Oklahoma State
Senate
Senator Cal Hobson
Chairman, Transportation
Senate District 16
Cleveland and MCClain Counties
For Immediate Release:
November 10, 2005
Hobson to Hiett: Why Continue the Wait?
Veteran Senator Cal
Hobson questioned Thursday why, if House Speaker Todd Hiett believes
the Oklahoma prisons have been under-funded for 10 years, he is willing
to wait until next year to address the critical staffing shortage in the
Oklahoma Department of Corrections.
“On a campaign stop in Enid last week the Speaker indicated that
the problems facing DOC are not new and, he claimed, date back 10 years,
but he continues to refuse to be willing to address them until next year.

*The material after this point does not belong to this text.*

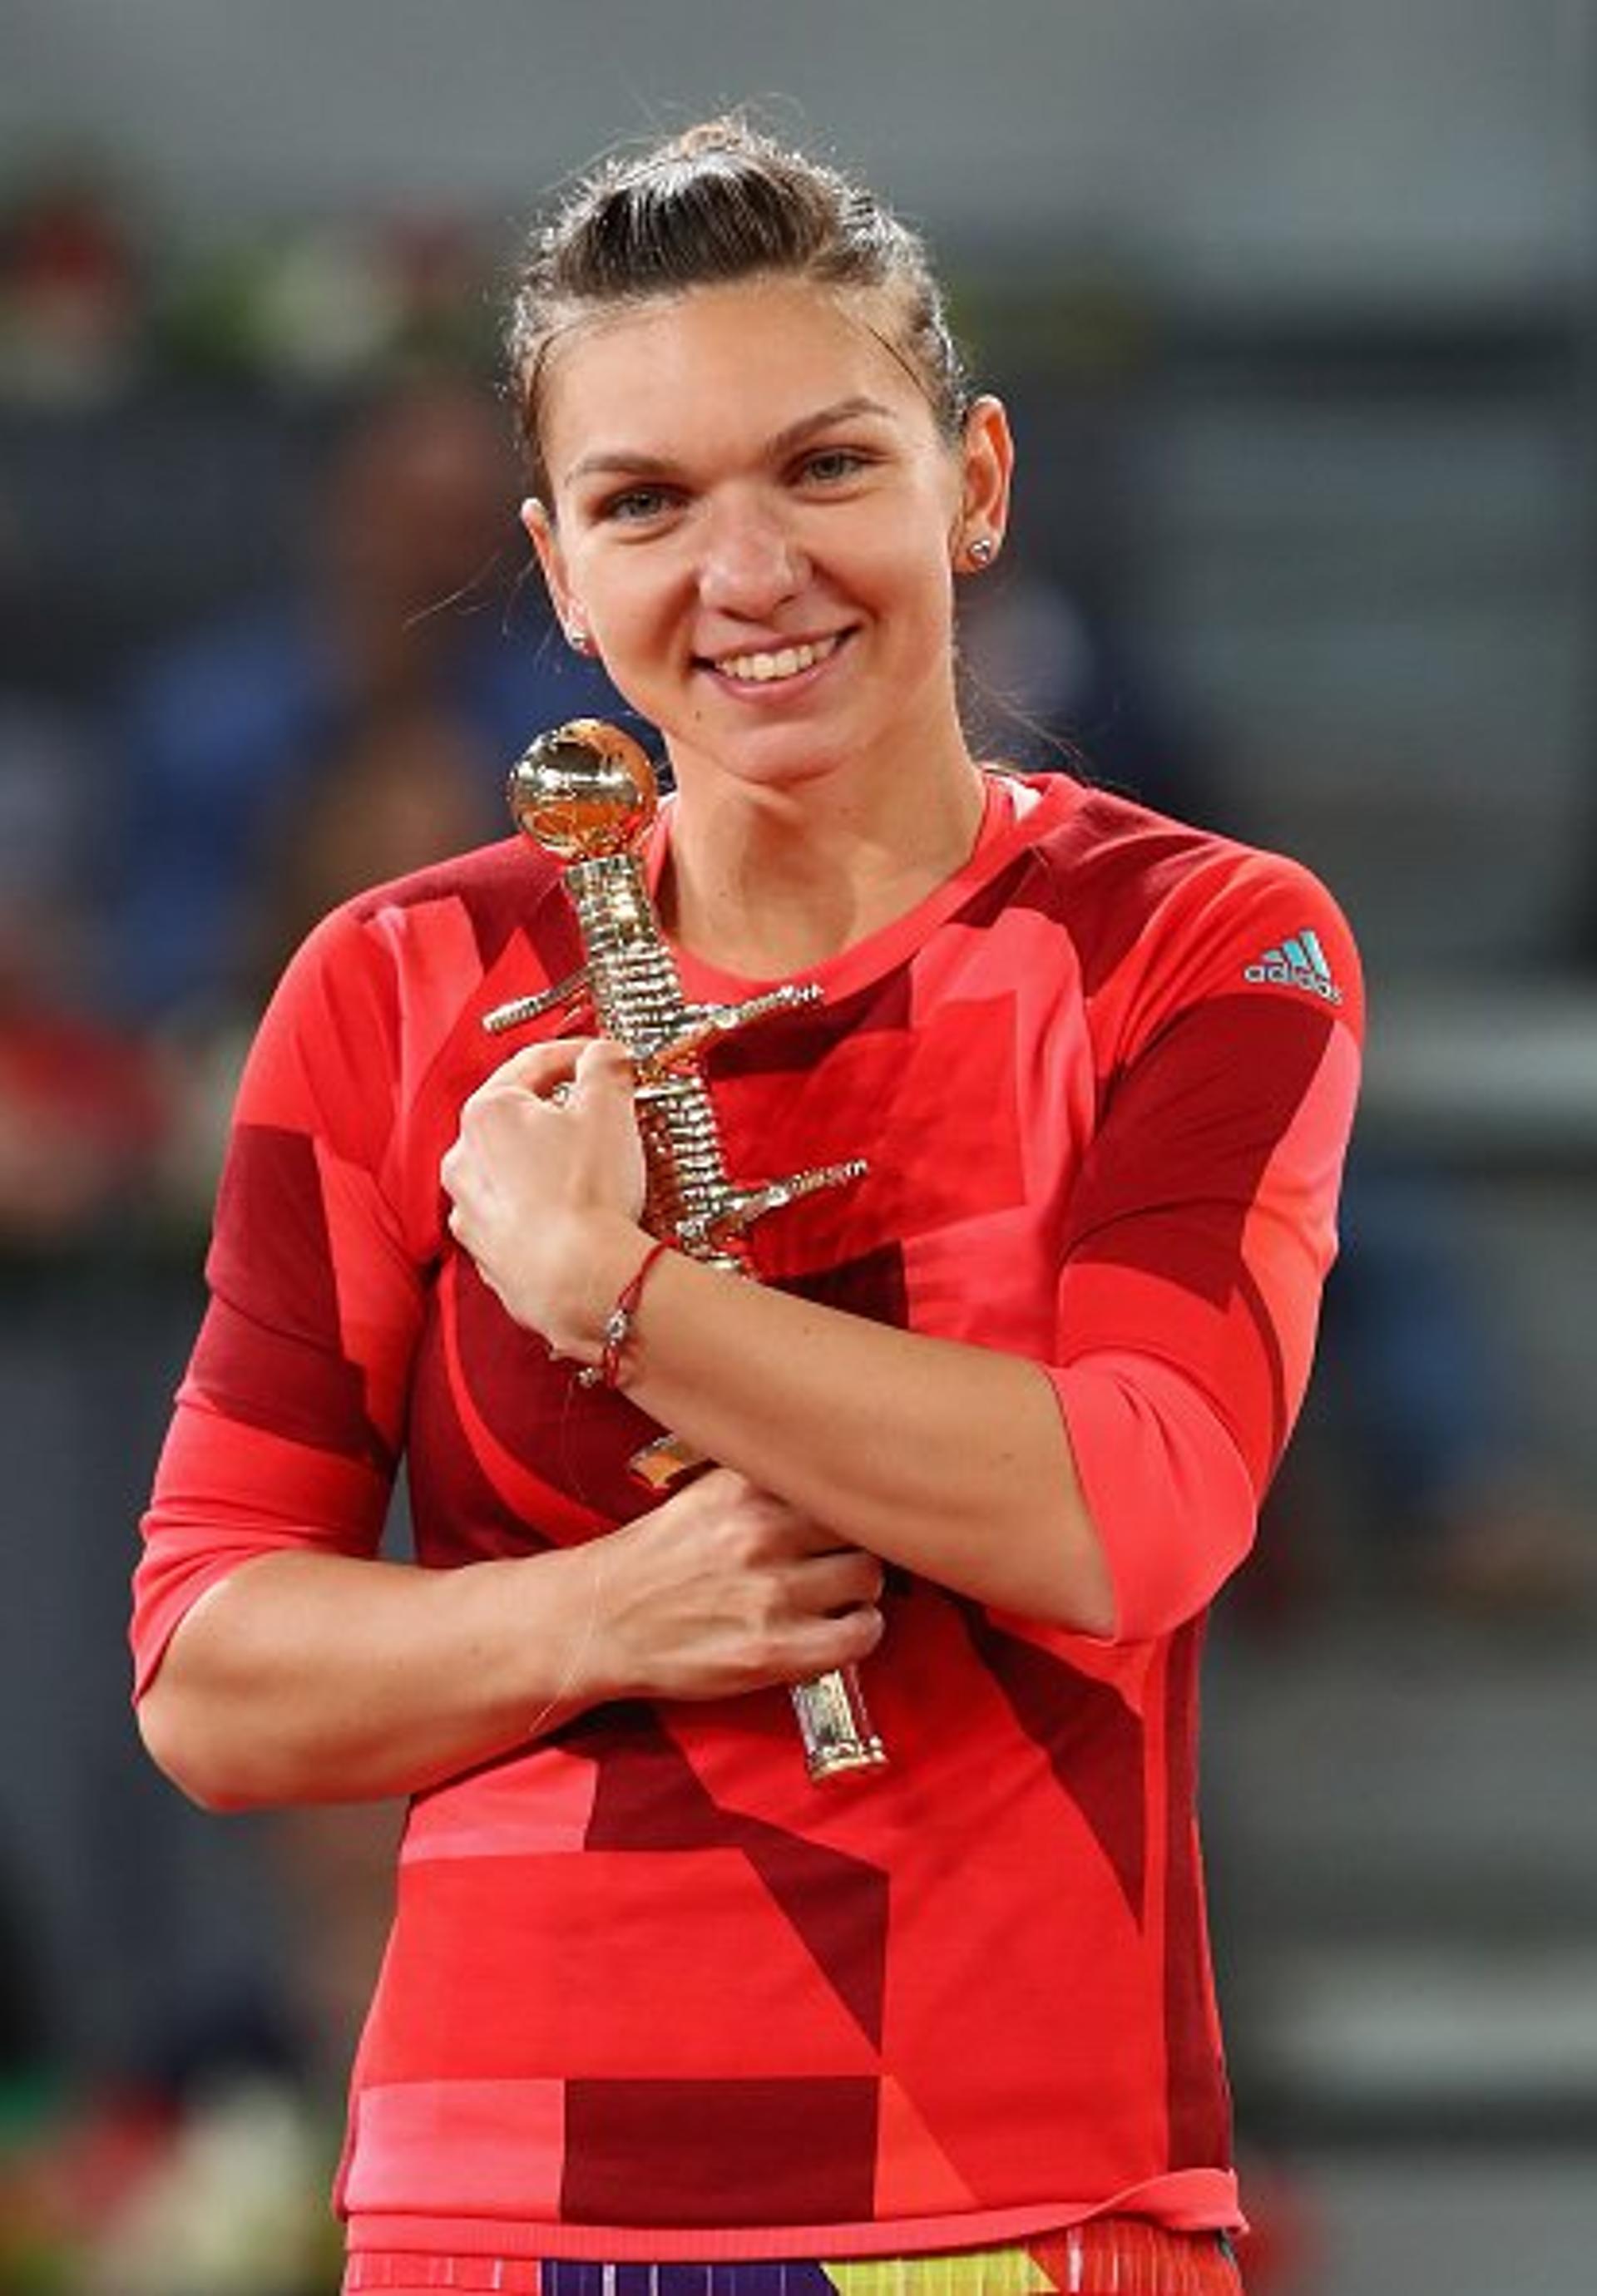 Simona Halep com o troféu do WTA Premier de Madri 2016

It just doesn’t make any sense to me to refuse to correct a problem
that he admit exists just because it’s not a new problem,”
Hobson said, referring to an interview Hiett granted to a reporter from
the Oklahoma Educational Television Authority last week.
Governor Brad Henry added Corrections funding to his special session call
in June. In July, in response to the Governor’s call, Senate Democrats
unveiled an $11 million plan that would allow DOC to hire 150 new guards
in Fiscal Year 2006. House leaders refused to negotiate on the issue and
in late August, the Senate returned the Capitol alone and voted 46-1 in
favor of the $11 million funding plan.
Hiett has steadfastly insisted that the Corrections issue can wait until
February.
“For more than two months, the House has refused to act on a measure
that would put dozens of new corrections officers in the state’s
prisons before the next regular session of the Legislature convenes February
6. While we’re waiting on the Speaker to act, our corrections officers,
the inmates in our prisons and our families are at risk,” said Hobson,
whose district includes two state prisons.
Since the Governor called on the Legislature to address the staffing shortages
in our prisons, one inmate has been killed, several more have been wounded.
“In my own hometown a woman was kidnapped when a convicted rapist
and a convicted murderer escaped from the Joseph Harp Correctional Center,”
Hobson said. “This is a real public safety crisis and it’s
irresponsible for the Speaker not to be willing to address it as soon
as possible.”
Hiett, Hobson pointed out, has said lawmakers should comprehensively review
the Department of Corrections and enact a permanent fix to prevent future
staffing shortages.
“I don’t think anyone disagrees that we want to prevent this
kind of crisis from arising in the future and I’m in favor of taking
a comprehensive look at our prison system next session. That is no reason,
however, not to act as soon as we can to begin increasing the number of
corrections officers in our state prisons,” said Hobson who is entering
his 28th year in the Legislature.
“I’ve been around the legislative process long enough to know
that if the Speaker insists on including additional funds for District
Attorneys, raises for State Troopers and other things in the bill that
provides funding to reduce the shortage of corrections officers, the battle
could drag out until May. I’m not willing to wait that long to do
what’s necessary to make the people in my district safe.”